There are many things we can wonder about, even worry about - but we have to anchor our hearts and minds in trust.  God has reasons that we don't see or understand.  Time and time again I've had to rest and just trust.....speaking it out to the Lord.  He brings beauty out of ashes, joy out of sorrow, peace out of adversity.  He is continually at work to bring good things out of every hard thing we face.  Sarah Young says "we will find golden pockets of peace hidden in the hardness of our problems."  I can testify to the truth of that!!

"My soul, wait silently for God alone, for my expectation is from Him."  Psalm 62:5

"I trust in your unfailing love; my heart rejoices in your salvation."  Psalm 13:5

"My soul clings to you; your right hand upholds me."  Psalm 63:8

"Commit your way to the Lord, trust also in Him, and He shall bring it to pass."  Psalm 37:5

"He will have no fear of bad news; his heart is steadfast, trusting in the Lord."  Psalm 112:7

"Let the morning bring me word of your unfailing love, for I have put my trust in you.  Show me the way I should go, for to you I lift up my soul."  Psalm 143:8

"God, you're my refuge.  I trust in you and I'm safe."  Psalm 91:2  The Message

"It is better to take refuge in the Lord than to trust in man.  It is better to take refuge in the Lord than to trust in princes."  Psalm 118:8,9

"He who trusts in his riches will fall, but the righteous will flourish like foliage."  Proverbs 11:28

I'm glad I don't have to make the decisions that God makes.  I'd probably make a mess of things.  But I know I can trust the Lord's infinite wisdom.  Someday in our never-ending eternity, I'd like to ask God to share that wisdom on certain things.  Eternity is a long time!  Maybe He'll have classes to teach us more of His ways.

The Spirit Helps Us

A very happy and blessed new year!  It's hard to believe that we're already 3 weeks into this new year.  Last year seemed to fly by so fast.  I think this year might be the same.

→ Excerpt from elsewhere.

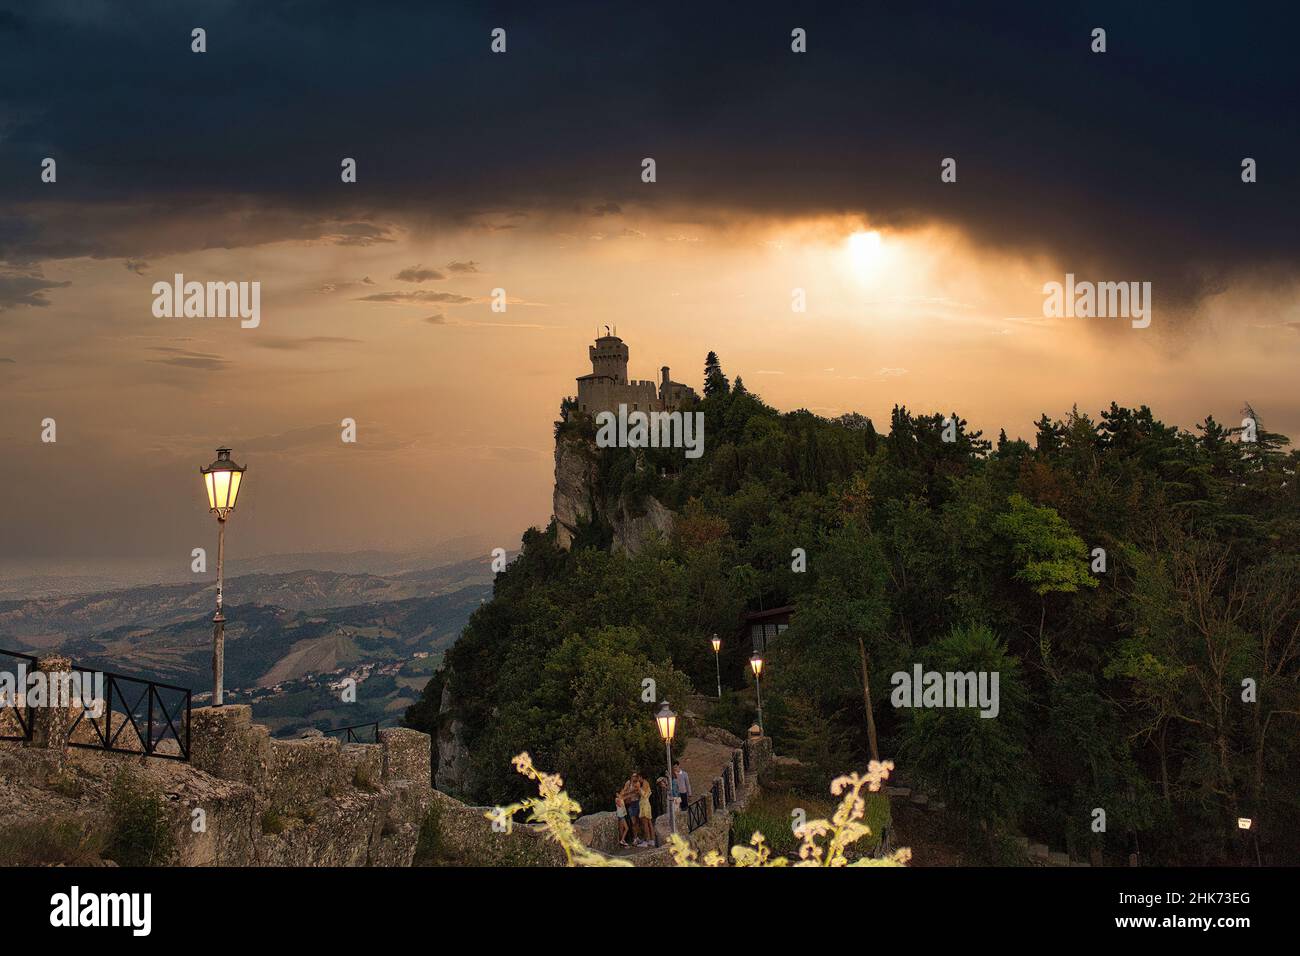 A Magnificent sunset that illuminates Rocca della Guaita, the most famous and ancient castle fortress in the Republic of San Marino Italy Stock Photo

I hope you had a wonderful "festive" season - as they call it here.  I've found that special days, while I love them, are hard for me.  I tend to miss Floyd more on those days.  I read that sadness and grief doesn't overwhelm the joy of those special times - and the joy doesn't delete the sadness and grief.  They go hand-in-hand.  As I missed Floyd, I chose to be thankful for the good things in my life because of him.  I even walked around our home thanking the Lord for the seasons in our life that are represented by things we have.  The change of focus really helped  - and joy grew in my heart.  I have so much to be thankful for from our 54 years of married life!

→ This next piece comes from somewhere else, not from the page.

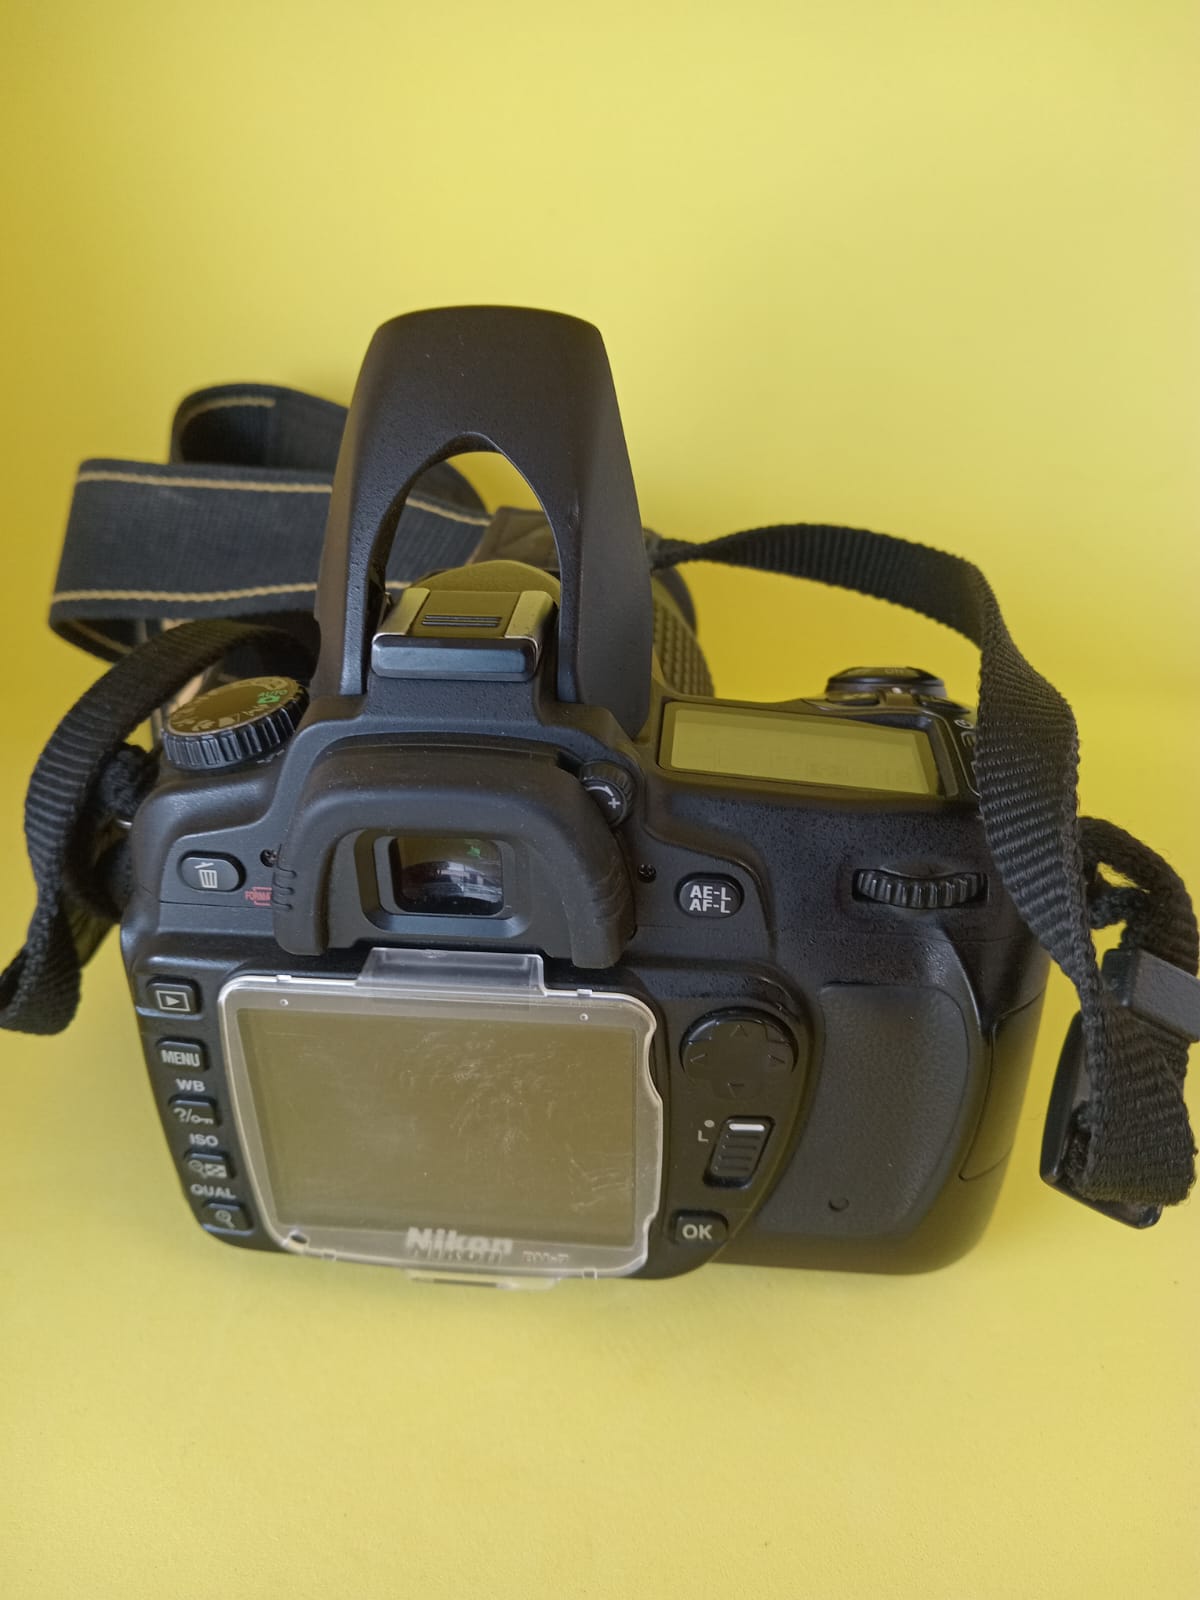 NIKON D80 with lens 55-200mm

My year has started off with a bang in terms of medical appointments, and home maintenance and repair things that need my attention.  One day I was feeling a bit overwhelmed with it all when the Lord impressed this verse on my heart:

"The Spirit helps us in our weakness.  We do not know what we ought to pray for, but the Spirit Himself intercedes for us with groans that words cannot express.  And He who searches our hearts knows the mind of the Spirit, because the Spirit intercedes for the saints in accordance with God's will."  Romans 8:26-27  

It gave me fresh strength and peace being reminded that the Spirit intercedes for me!!!  What a comfort that is.  Through every day this coming year, every hour, every minute - the Spirit is praying for me according to God's will for my life.  Thank you sweet Holy Spirit!

And He's praying for you too.  May this year be blessed in every way for you.